### TASK INSTRUCTIONS
The records are to be copied in their entirety, exactly as given.

**** LISTED RECORDS

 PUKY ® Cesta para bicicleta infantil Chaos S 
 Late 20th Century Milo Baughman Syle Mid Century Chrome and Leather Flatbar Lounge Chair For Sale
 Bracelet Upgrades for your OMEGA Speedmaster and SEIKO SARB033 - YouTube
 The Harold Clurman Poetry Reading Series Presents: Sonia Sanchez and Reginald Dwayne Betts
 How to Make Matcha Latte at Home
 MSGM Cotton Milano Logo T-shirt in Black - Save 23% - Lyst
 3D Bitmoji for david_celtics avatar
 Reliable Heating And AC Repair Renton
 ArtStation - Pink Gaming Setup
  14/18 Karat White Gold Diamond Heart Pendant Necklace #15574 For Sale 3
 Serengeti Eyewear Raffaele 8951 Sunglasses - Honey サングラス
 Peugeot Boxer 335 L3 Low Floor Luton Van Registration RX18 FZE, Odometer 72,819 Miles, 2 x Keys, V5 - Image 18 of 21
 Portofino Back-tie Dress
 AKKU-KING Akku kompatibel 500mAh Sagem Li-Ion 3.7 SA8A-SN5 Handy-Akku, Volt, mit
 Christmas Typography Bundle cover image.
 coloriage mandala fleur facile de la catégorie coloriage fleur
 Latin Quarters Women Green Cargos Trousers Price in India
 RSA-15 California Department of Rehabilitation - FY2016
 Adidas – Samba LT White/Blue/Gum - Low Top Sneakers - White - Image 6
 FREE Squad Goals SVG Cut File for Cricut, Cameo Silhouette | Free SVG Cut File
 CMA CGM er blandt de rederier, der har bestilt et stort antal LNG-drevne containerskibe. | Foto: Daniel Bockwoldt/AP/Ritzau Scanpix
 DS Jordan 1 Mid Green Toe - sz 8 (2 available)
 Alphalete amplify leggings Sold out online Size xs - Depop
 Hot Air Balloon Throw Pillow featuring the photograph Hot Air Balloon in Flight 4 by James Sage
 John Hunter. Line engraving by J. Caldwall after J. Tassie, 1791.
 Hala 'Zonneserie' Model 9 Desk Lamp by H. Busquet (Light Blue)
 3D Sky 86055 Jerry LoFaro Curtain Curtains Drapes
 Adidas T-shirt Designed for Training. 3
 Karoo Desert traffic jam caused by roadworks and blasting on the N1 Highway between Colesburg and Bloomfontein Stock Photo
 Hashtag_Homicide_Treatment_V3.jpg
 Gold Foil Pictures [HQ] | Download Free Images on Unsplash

********

### OUTPUT FOR THIS TASK
 PUKY ® Cesta para bicicleta infantil Chaos S 
 Late 20th Century Milo Baughman Syle Mid Century Chrome and Leather Flatbar Lounge Chair For Sale
 Bracelet Upgrades for your OMEGA Speedmaster and SEIKO SARB033 - YouTube
 The Harold Clurman Poetry Reading Series Presents: Sonia Sanchez and Reginald Dwayne Betts
 How to Make Matcha Latte at Home
 MSGM Cotton Milano Logo T-shirt in Black - Save 23% - Lyst
 3D Bitmoji for david_celtics avatar
 Reliable Heating And AC Repair Renton
 ArtStation - Pink Gaming Setup
  14/18 Karat White Gold Diamond Heart Pendant Necklace #15574 For Sale 3
 Serengeti Eyewear Raffaele 8951 Sunglasses - Honey サングラス
 Peugeot Boxer 335 L3 Low Floor Luton Van Registration RX18 FZE, Odometer 72,819 Miles, 2 x Keys, V5 - Image 18 of 21
 Portofino Back-tie Dress
 AKKU-KING Akku kompatibel 500mAh Sagem Li-Ion 3.7 SA8A-SN5 Handy-Akku, Volt, mit
 Christmas Typography Bundle cover image.
 coloriage mandala fleur facile de la catégorie coloriage fleur
 Latin Quarters Women Green Cargos Trousers Price in India
 RSA-15 California Department of Rehabilitation - FY2016
 Adidas – Samba LT White/Blue/Gum - Low Top Sneakers - White - Image 6
 FREE Squad Goals SVG Cut File for Cricut, Cameo Silhouette | Free SVG Cut File
 CMA CGM er blandt de rederier, der har bestilt et stort antal LNG-drevne containerskibe. | Foto: Daniel Bockwoldt/AP/Ritzau Scanpix
 DS Jordan 1 Mid Green Toe - sz 8 (2 available)
 Alphalete amplify leggings Sold out online Size xs - Depop
 Hot Air Balloon Throw Pillow featuring the photograph Hot Air Balloon in Flight 4 by James Sage
 John Hunter. Line engraving by J. Caldwall after J. Tassie, 1791.
 Hala 'Zonneserie' Model 9 Desk Lamp by H. Busquet (Light Blue)
 3D Sky 86055 Jerry LoFaro Curtain Curtains Drapes
 Adidas T-shirt Designed for Training. 3
 Karoo Desert traffic jam caused by roadworks and blasting on the N1 Highway between Colesburg and Bloomfontein Stock Photo
 Hashtag_Homicide_Treatment_V3.jpg
 Gold Foil Pictures [HQ] | Download Free Images on Unsplash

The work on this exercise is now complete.